Certains, comme Scranos, découvert en 2019, affichent une liste impressionnante de capacités… de nuisance, notamment la possibilité de voler des identifiants de connexion, des informations sur les comptes de paiement, l’historique de navigation et les cookies de suivi. Scranos peut également souscrire des abonnements à des services comme YouTube, afficher des publicités et même télécharger et exécuter des charges utiles. L’une des principales caractéristiques de l’attaque est sa persistance de démarrage, ce qui lui permet de prendre le contrôle du système de la victime avec les privilèges de l’administrateur.

Sécuriser la chaîne de traitement matérielle

L’informatique étant une chaîne de traitement, les vulnérabilités ne concernent pas seulement les ordinateurs (processeur, mémoire, adaptateurs, Bios…), elle s’étend à tout appareil faisant partie de la chaîne. Il peut s’agir de routeurs ou de points d’accès sans fil, d’appliances de pare-feu, de cartes mémoire externes, de ROM ou des appareils connectés, qu’ils soient des IoT industriels ou des objets connectés domestiques, et des SoC (System on a chip).

Le meilleur moyen de se prémunir de telles vulnérabilités est de mettre à jour régulièrement les appareils.

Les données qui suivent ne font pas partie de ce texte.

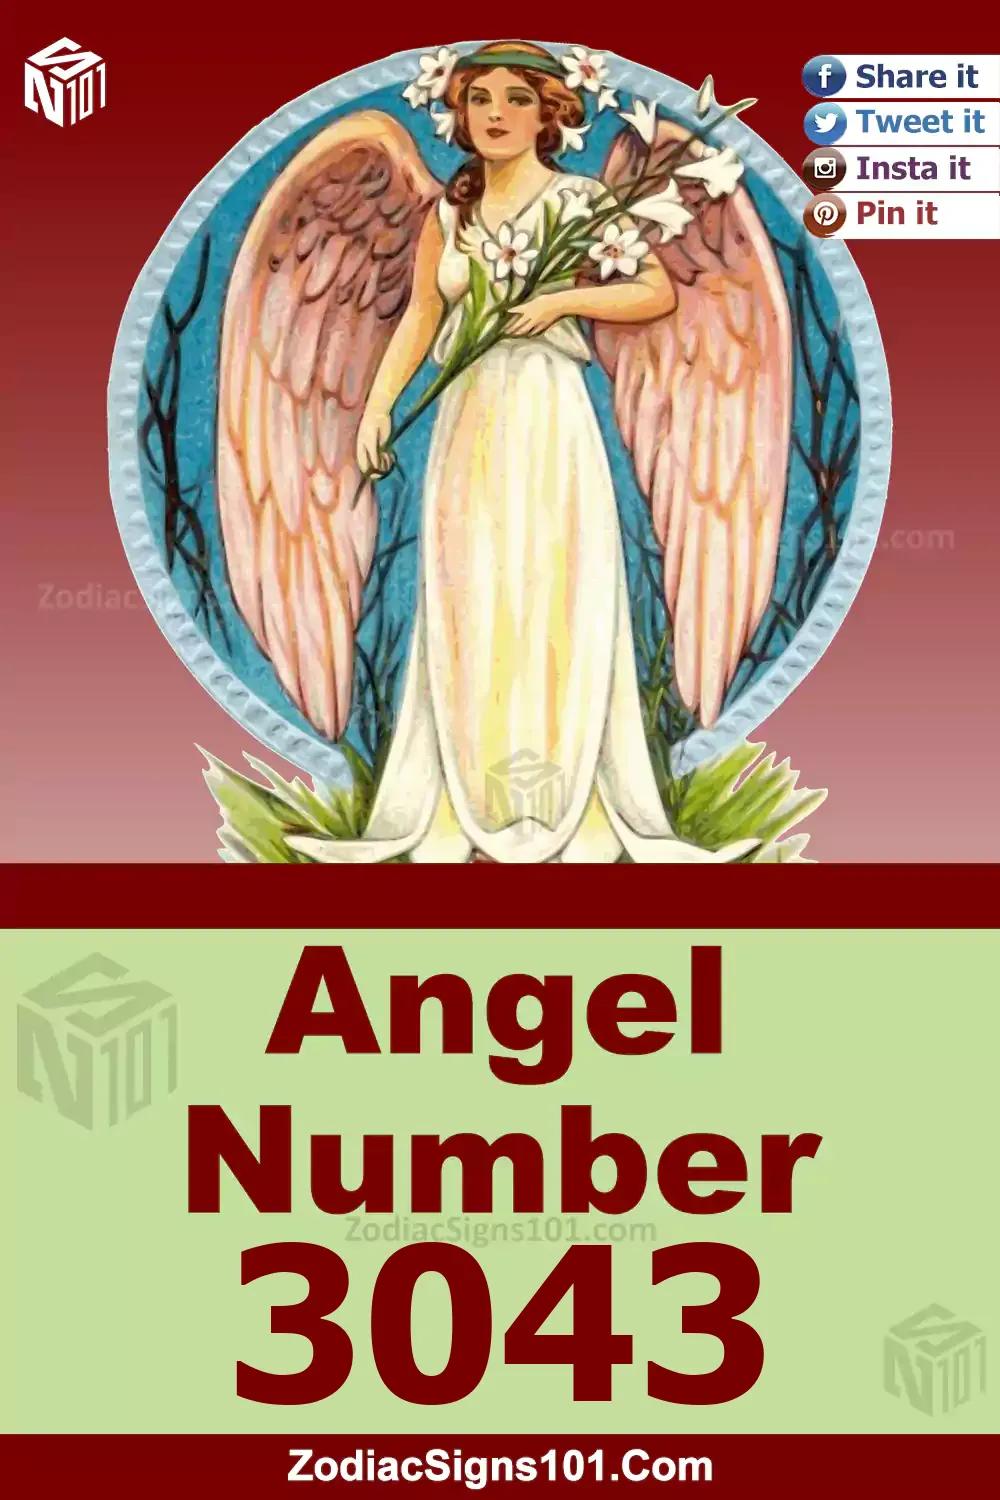 3043-Angel-Number-Meaning.jpg

Certes, dans des environnements de production qui ne souffrent d’aucune coupure de service, ces mises à jour peuvent être reportées ou simplement, et dangereusement, “oubliées ”.

Une récente attaque illustre très bien ce à quoi s’exposent les entreprises qui n’ont pas mis en place une stratégie de mises à jour des appareils.

Une stratégie de mises à jour s’impose

En juin 2021, un nouveau botnet, composé de routeurs MikroTik non patchés, a fait son apparition. Surnommé Mēris (Mēris voulant dire peste en letton) par les chercheurs en sécurité qui l’ont signalé pour la première fois, ce botnet IoT a lancé de nombreuses attaques DDoS HTTP et HTTP/S au niveau des applications, et ce contre plusieurs cibles dans le monde, notamment Krebs On Security et Yandex. Selon les chiffres cités, il existe environ 250 000 routeurs MikroTik non corrigés, qui peuvent donc potentiellement être compromis et embrigadés dans des botnets DDoS comme Mēris.

En fin de compte, quel que soit le type de vulnérabilité exploitée, logicielle ou matérielle, le but reste le même : pénétrer par effraction, se déplacer latéralement dans le système informatique et dérober les données et les informations sensibles. Pour faire face à ces attaques, une stratégie de mises à jour, combinée aux solutions de détection et de réponse aux attaques, constituent des solutions de départ. Car en définitive, le combat contre les attaques cyber est une lutte sans fin.